What do you dislike most in your professional life?

Travel is a bit of a personal love-hate relationship. Having the opportunity to travel for work, I have always enjoyed seeing many different places, both domestically and internationally. Those long stretches, however, when all there seems to be are hotels, planes and marathon car drives, can wear on you, especially knowing that the family is back at home having to pick up the slack while you are out.

If there were three portraits on the wall behind your desk, not of family, who would they be and why?

Bill Cosby—Navy vet and strong family man who has found great success through hard work, dedication and ethics, all with a smile and great humor.

Henry Ford—Great visionary. Through his creation of the five-day work week, the assembly line, quality products at lower costs, increased wages for workers and development of the franchise system, he changed the business face of the world.

Wayne Gretzky—One of the greatest hockey players ever (no disrespect to Mr. Hockey there) and a strong family man. He used speed, intelligence and teammates to succeed on and off the ice. Gretzky made everyone around him better due to his team approach and work ethics.

If you were not in the water conditioning and purification industry, what would you be doing?

I enjoy writing and teaching, so one possible scenario would be an author or a teacher, possibly both.
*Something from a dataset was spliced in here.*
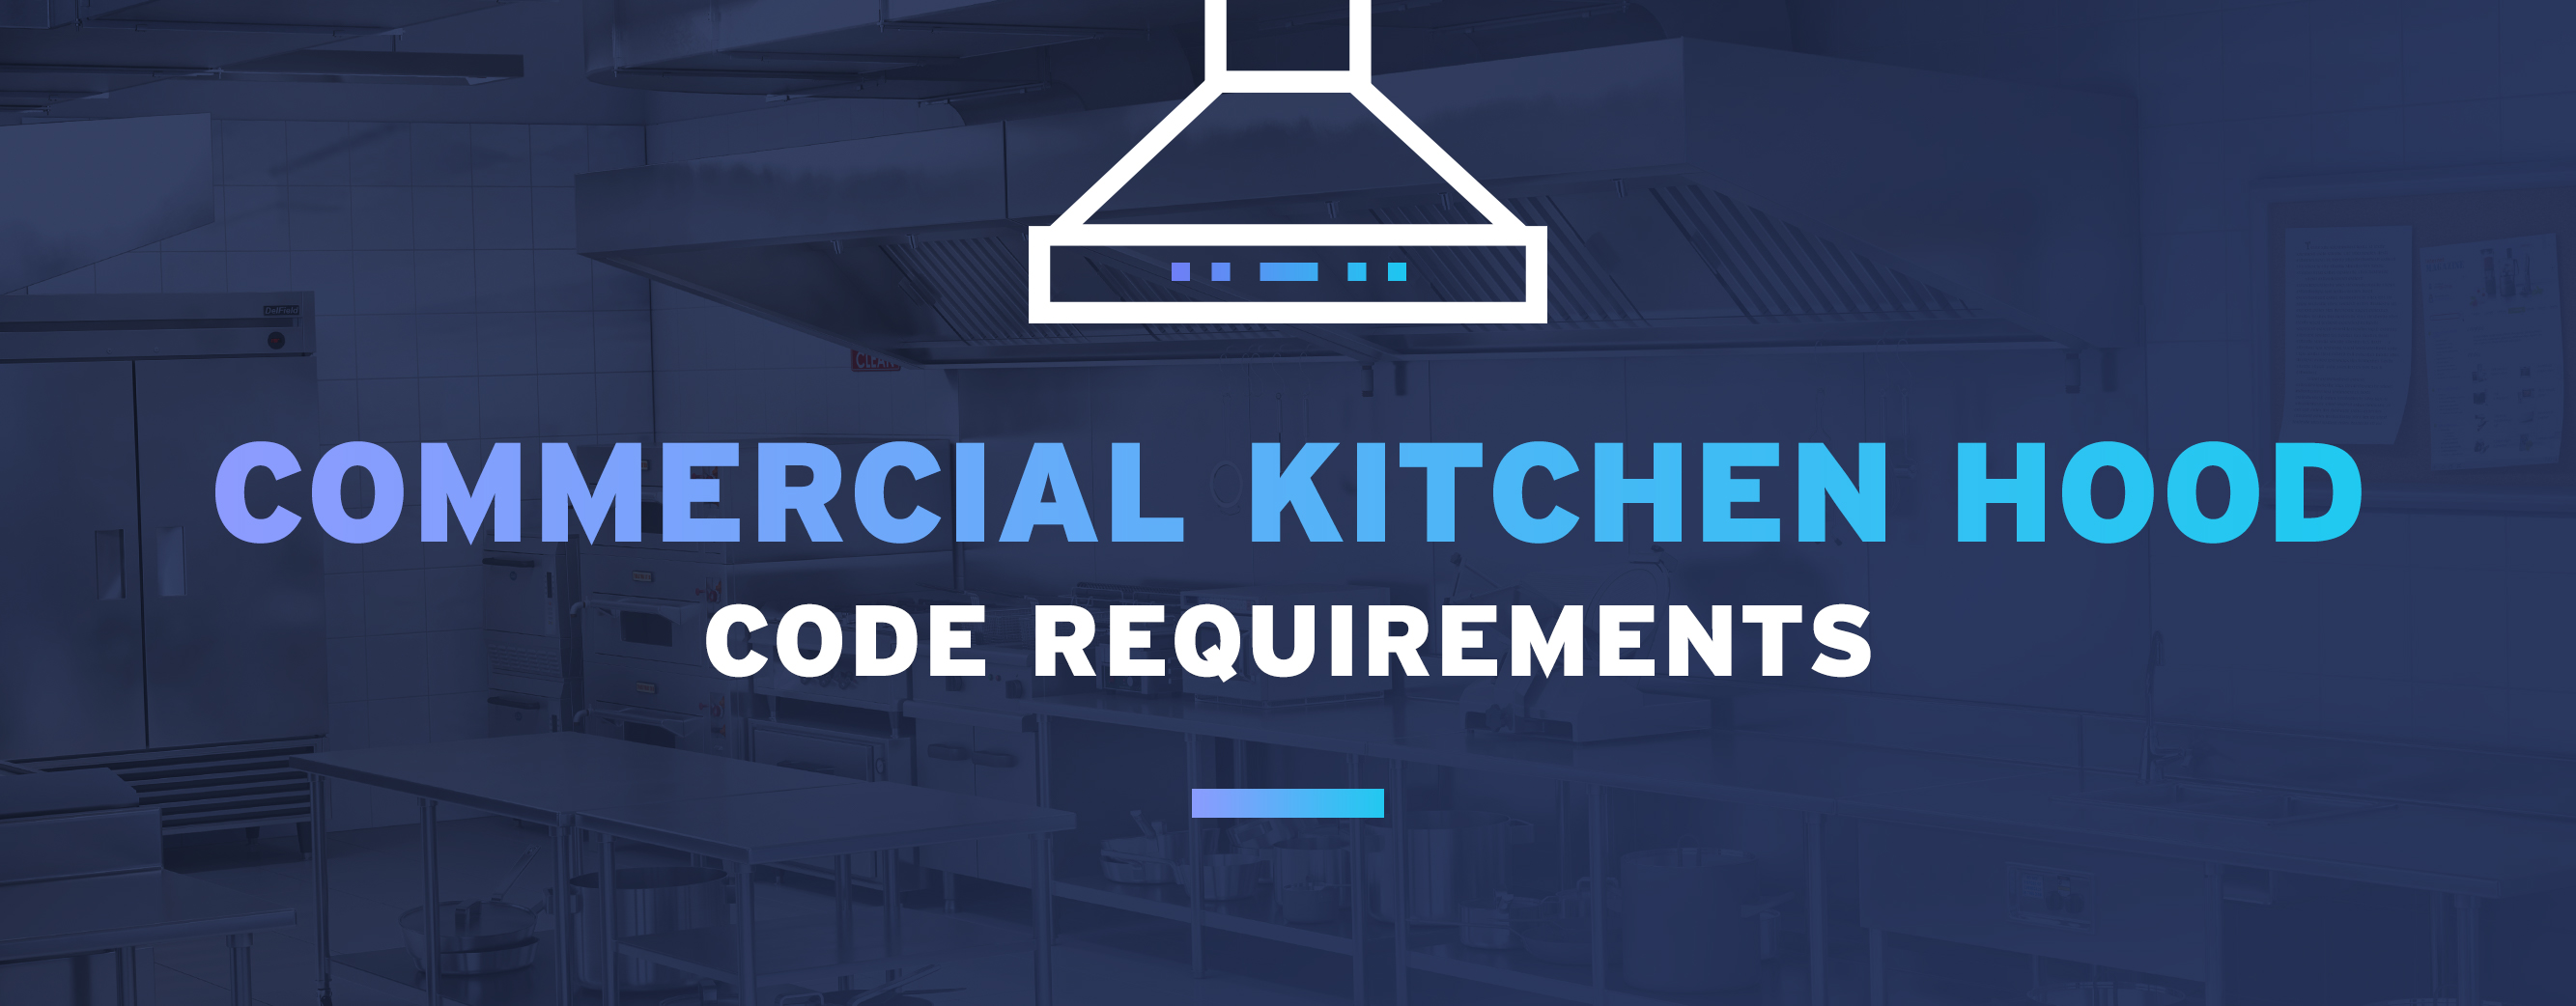 Commercial Kitchen Hood Code Requirements

Another option, based upon the work I have done so far, would be international aid to underdeveloped areas in order to provide safe drinking water.

Why would you do that?

One of my jobs while I was obtaining my Master’s was teaching at a high school for troubled teens in the Detroit area. It was a very difficult, yet highly rewarding position, so it is easy to think that would be the path. As to the philanthropic avenue, my wife is heavily involved in a number of outreach programs like Samaritan’s Purse and corporate work for an orphanage in Uganda. With my water treatment background, there is a good fit for the two of us working in areas of real need, both financially and in order to provide safe drinking water.

Polish up your crystal ball…what will be the three most important issues in our industry within the next five years?
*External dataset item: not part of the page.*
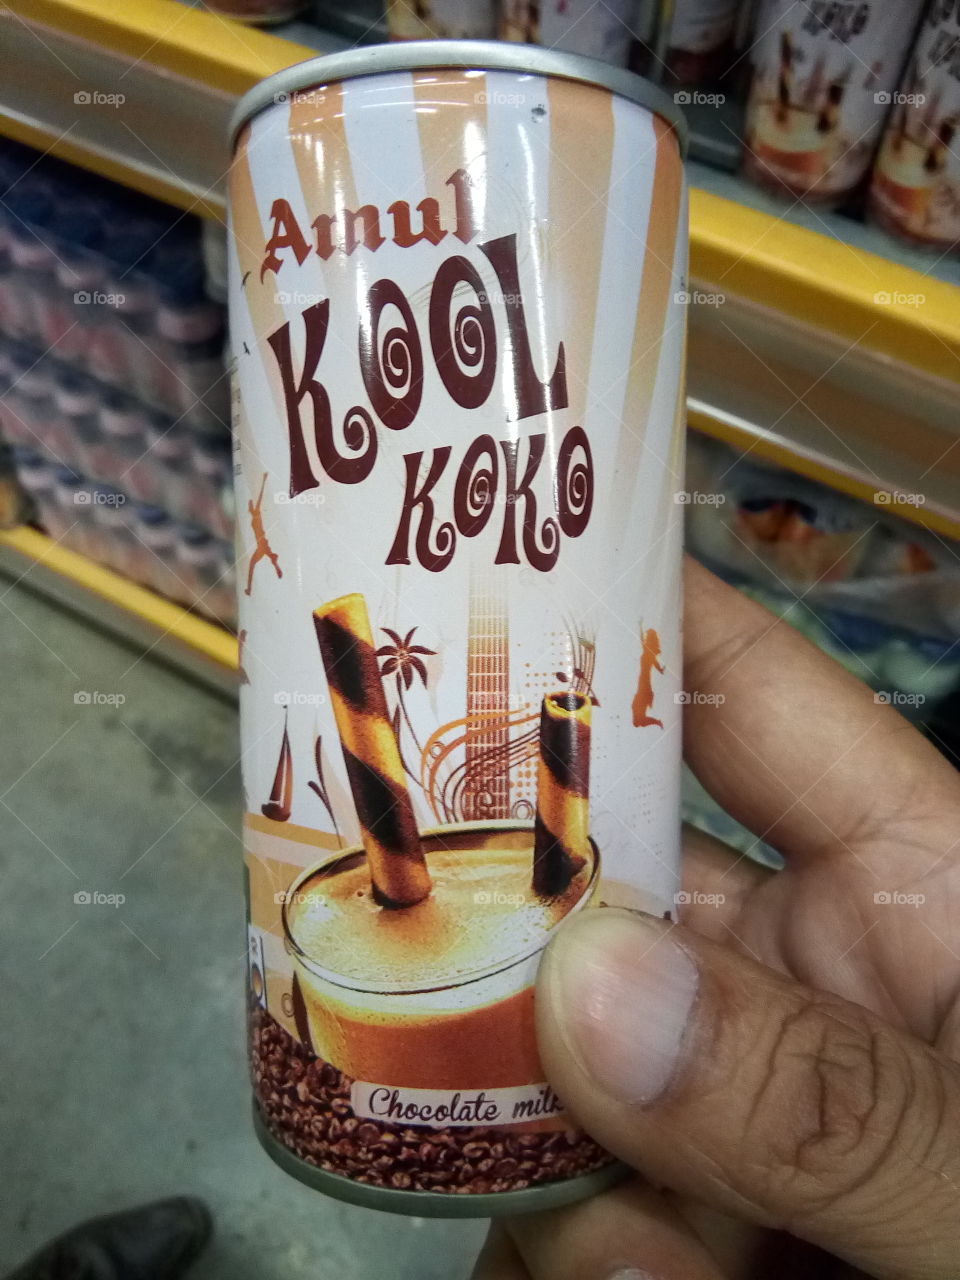 AMUL KOOL KOKO- A VERY TASTY AND HEALTHY DRINK.

We have witnessed continued pressure on the water softener industry. Currently, we are seeing numerous alternative water conditioning systems coming into the market. We will go through a phase where, like the arsenic issue, there will be numerous new products and press releases coming out that will advertise the newest and best softener alternative. The possibility of an alternative ANSI standard coming out in the next five years is relatively strong and with it, the verification of which products are truly effective and which are not.
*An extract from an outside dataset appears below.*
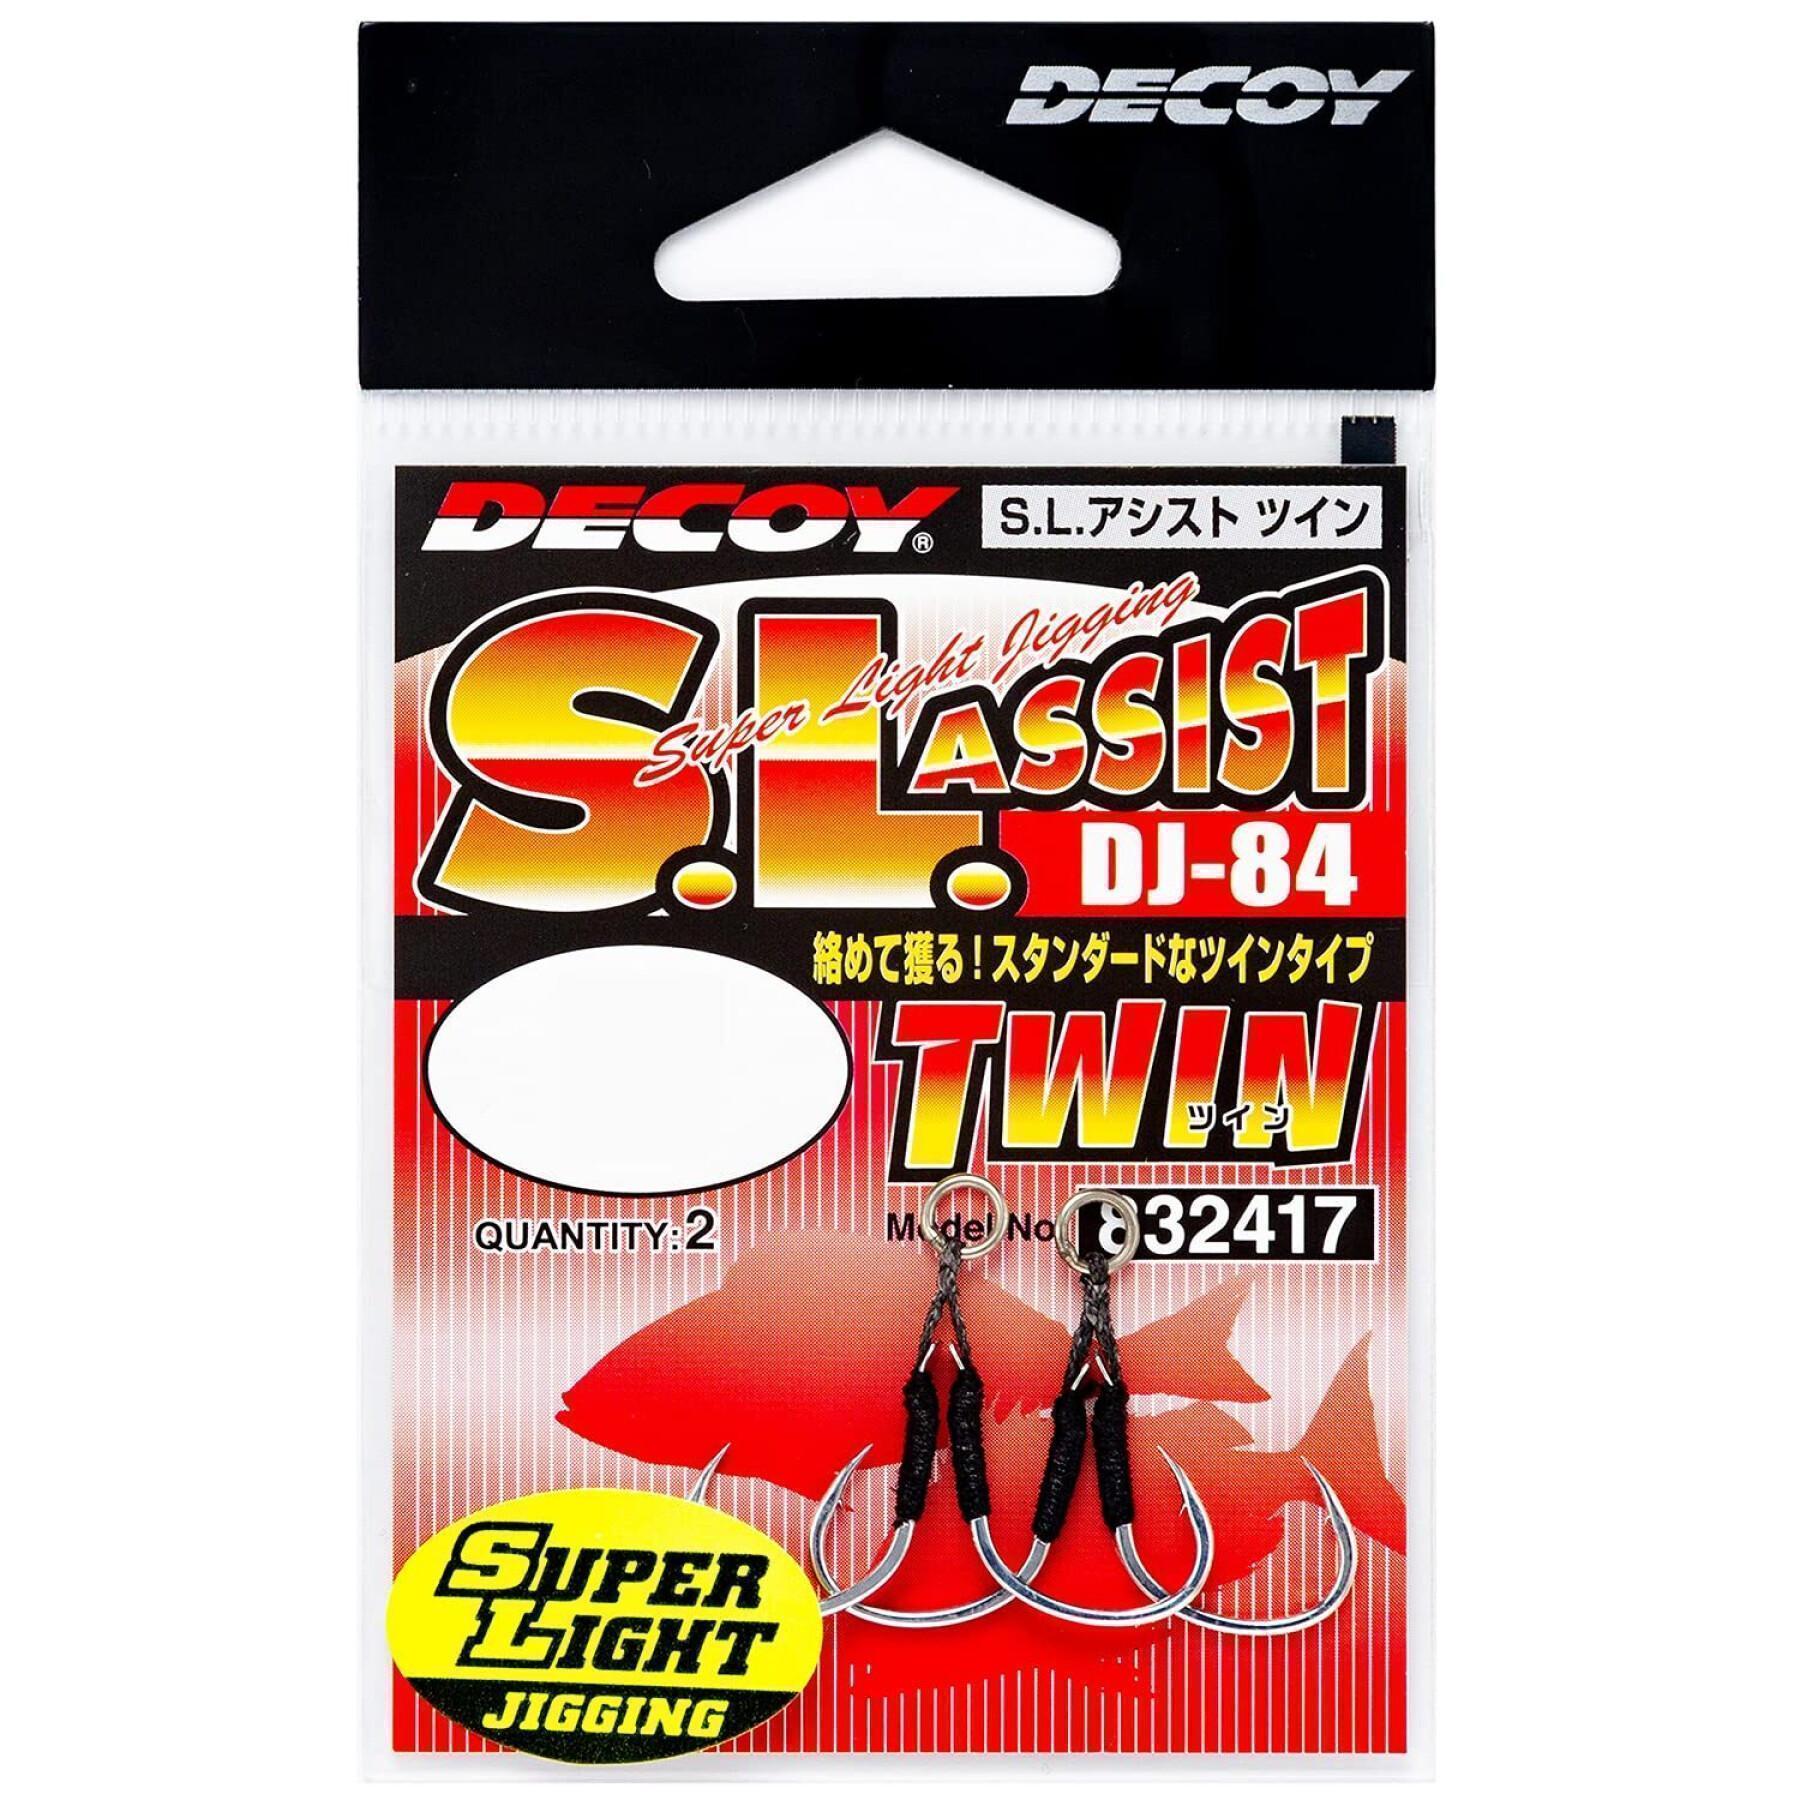 Hooks Decoy DJ 84 Super light assist (x3)

Over the past two to three years, we have witnessed a significant increase in public awareness of endocrine disruptors and personal care products in water. With this media attention and public awareness, there will continue to be a growing sector of the population that will be looking for products that are capable of taking these contaminants out of drinking water. There will be many issues regarding the actual levels in drinking water, as opposed to source water and the true health effects; however, as analytical ability improves and new information becomes available, this will become a growing sector in the industry.

With the improvement in analytical instrumentation, developing studies on various materials like Bisphenol A (BPA) and PCE and the accompanying media attention, we as an industry will face increasing pressures and regulation. This will be done through a number of options, like modification of industry standards or on a state level, as we have witnessed with California’s AB1953. This will also have a dramatic effect on international supplies to US manufacturing, due to the need for international suppliers, ensuring they are in compliance with US regulatory requirements.